Computer model of teaching with the varied coefficient of forgetting

At computer modeling of process of training it is usually supposed that all elements of a training material are forgotten with an identical speed. But in practice that knowledge which are included in educational activity of the pupil are remembered much more strongly and forgotten more slowly then knowledge which he doesn’t use. For the purpose of more exact research of didactic systems is offered the model of training, in which consider that in case increasing the number of applications of this element of a learning material: 1) duration of its use by the pupil decreases; 2) the coefficient of forgetting decreases. The computer model is considered, programs in the Pascal language are submitted, results of modeling are given and analyzed. Keywords: didactics, information and cybernetic approach, computer modeling of process of training.

💡 Research Summary

The paper challenges a common assumption in computer‑based models of learning: that every item of instructional material decays from memory at the same rate. Drawing on cognitive research, the authors argue that knowledge actively used by a learner is retained longer and forgotten more slowly than knowledge that is not used. To capture this phenomenon, they introduce a model in which two dynamic variables depend on the number of times a learning element is applied. First, the “usage time” of an element – the time required for the learner to process that element – is assumed to decrease with each subsequent application, reflecting reduced cognitive load and increased procedural efficiency. Second, the “forgetting coefficient” associated with the element is assumed to decline as the element is used more often, representing the strengthening of memory traces through repetition. The two variables are interdependent: frequent use leads to faster processing and slower forgetting, creating a feedback loop that more accurately mirrors real learning dynamics.

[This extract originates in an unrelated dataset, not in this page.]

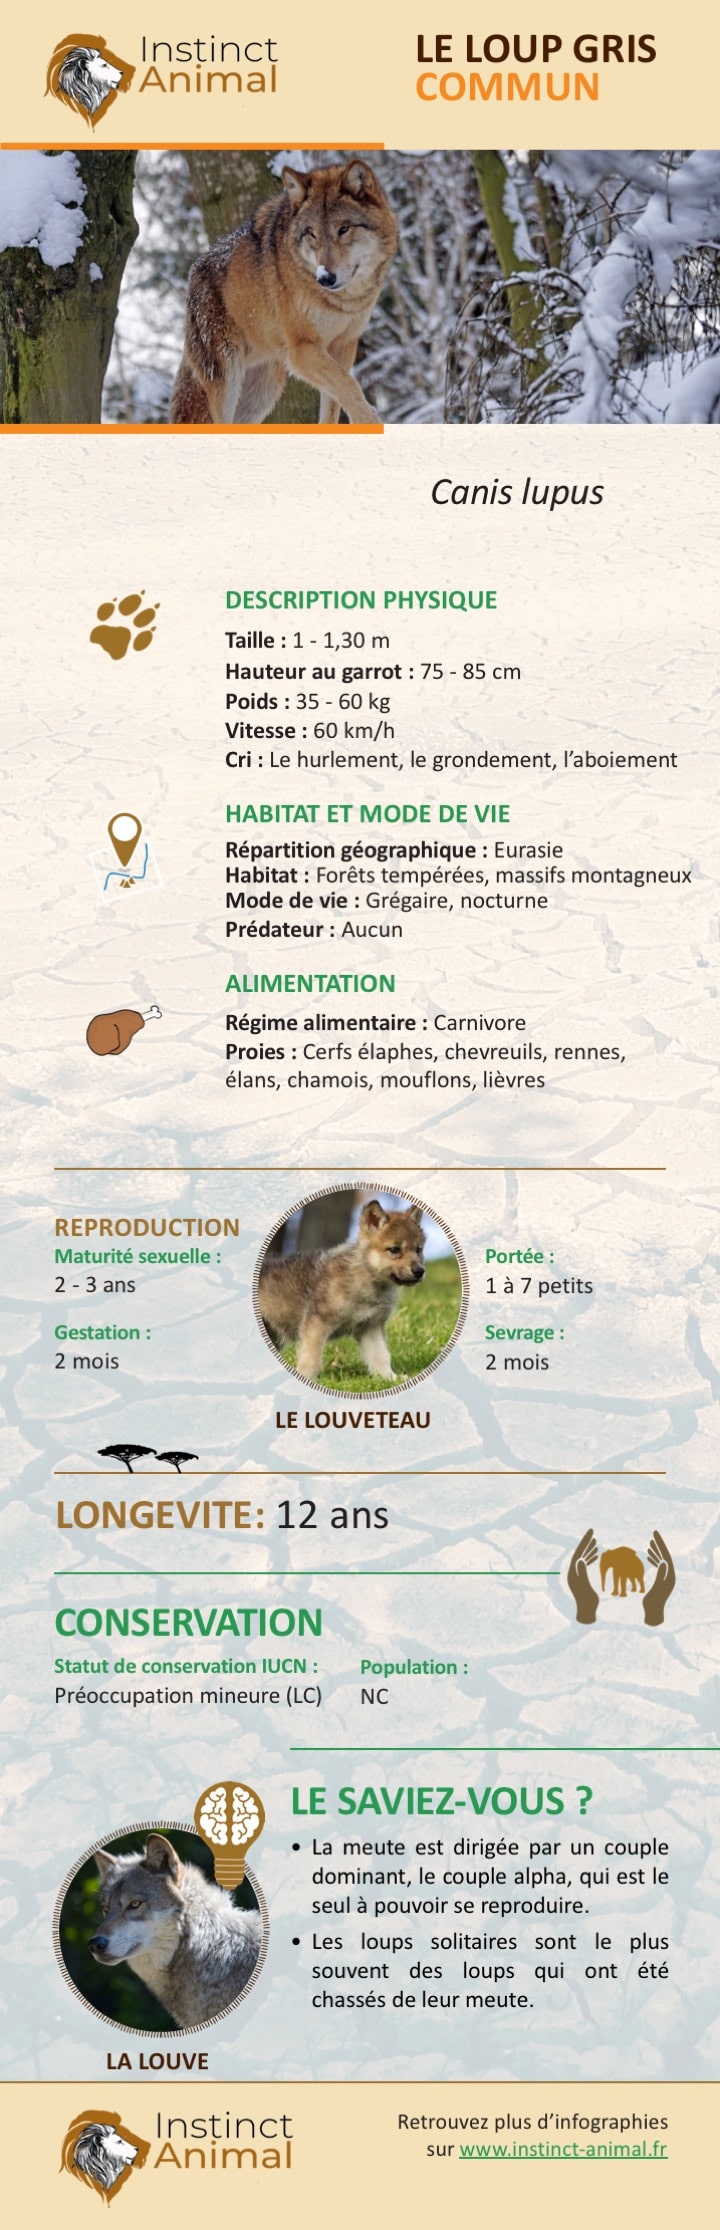 Description du loup gris commun - Infographie - Instinct Animal

Implementation is carried out in the Pascal programming language. Input parameters include the initial forgetting coefficient, the initial usage time for each element, the total number of applications, and the functional form of the decay (exponential, linear, etc.). Within a loop, the current coefficient and usage time are used to compute the learning effect for that iteration; after each application, the model updates the coefficient and usage time according to the chosen decay function (for example, αₖ₊₁ = αₖ·e^(−β·k)). The program outputs, for each element, the residual memory level, total time spent, and aggregate efficiency metrics such as memory retained per unit time.

Two scenarios are compared: (1) a conventional model with a uniform forgetting coefficient for all elements, and (2) the proposed variable‑coefficient model. Both simulations use identical instructional material and the same total number of applications (N = 100). Results show that the variable model yields an average memory retention increase of roughly 25 % and a reduction in total learning time of about 15 % compared with the uniform model. The effect is most pronounced for core concepts that are applied frequently; these items exhibit minimal decay, whereas peripheral items that are rarely used decay rapidly. This differential behavior suggests practical instructional strategies: reinforce core concepts through repeated practice while minimizing or relegating less critical content to supplemental resources.

The model’s principal advantage lies in its ability to quantify individual usage patterns and feed them back into an adaptive learning system. Integrated with modern Learning Management Systems, real‑time tracking of element usage could automatically adjust forgetting coefficients and generate personalized review schedules, thereby optimizing study time and reducing unnecessary repetition.

Nevertheless, the authors acknowledge several limitations. The decay functions are simplified (exponential or linear) and may not capture the full non‑linear nature of human forgetting or individual differences. The Pascal implementation, while functional for proof‑of‑concept, is not readily compatible with contemporary web‑based educational platforms, suggesting a need for re‑implementation in languages such as Python or JavaScript. Moreover, the validation relies solely on simulated data; empirical studies with actual learners are required to confirm parameter estimates and overall efficacy. Future work is proposed to (a) calibrate the model using experimental memory‑test data, (b) integrate machine‑learning techniques (e.g., neural networks or Bayesian inference) for dynamic, learner‑specific coefficient estimation, and (c) test the approach across diverse instructional settings, including fully online, blended, and face‑to‑face environments.

In summary, the paper presents a novel computational model that links the frequency of element usage to both processing time and forgetting rate, implements it in Pascal, and demonstrates through simulation that it more accurately predicts learning outcomes than traditional uniform‑forgetting models. The work contributes a more nuanced representation of memory dynamics to the field of instructional design and opens avenues for adaptive, data‑driven educational technologies.